3. Stephen Bush in the New Statesman
on breaking the Brexit impasse
Has Boris Johnson actually got a credible alternative to the backstop?
“While it is far from an achievable, real-world proposal; you can still just about see the space for an accord where Downing Street tries to finesse what it wants to sell as a triumphant win for checks away from the border, which is in practice a regulatory border in the Irish Sea. That’s certainly the hope of some in the cabinet – but many on the EU side and in parliament think that Johnson’s real game is blaming the EU to achieve the no-deal Brexit he really wants.”
4. Ahmed Twaij in The Independent
on US healthcare hypocrisy
Bernie Sanders' heart condition can teach us two lessons — one about healthcare and another about Congress
“After the upsetting news that he had been rushed to hospital following chest discomfort earlier today, it was found that Democratic presidential candidate Bernie Sanders had a blocked artery. Emergency surgery has left the Senator for Vermont on the road to recovery — and one thing he will not have to worry about is his medical bill. Given his position in government and income, he can cover the medical costs he is served. However, this incident should serve us as an important reminder of the desperate need for healthcare reform in the US, as well as the inspiring role Sanders himself has in calling for Medicare for all.”

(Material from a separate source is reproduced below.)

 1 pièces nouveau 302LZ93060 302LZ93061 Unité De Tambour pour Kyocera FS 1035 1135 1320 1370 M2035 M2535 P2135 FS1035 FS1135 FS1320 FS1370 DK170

5. David Aaronovitch in The Times
on experts
Half-baked health advice breeds ignorance
“Over time I think it’s essential that people believe that public health officials are not trying surreptitiously to nudge or persuade them, but are telling them the truth, caveats and all. The problem is that for this to work greater scientific and statistical literacy among the general population (and journalists more than most) is going to be essential. Otherwise, among a blizzard of claims — to adapt a phrase — we could end up dying of ignorance.”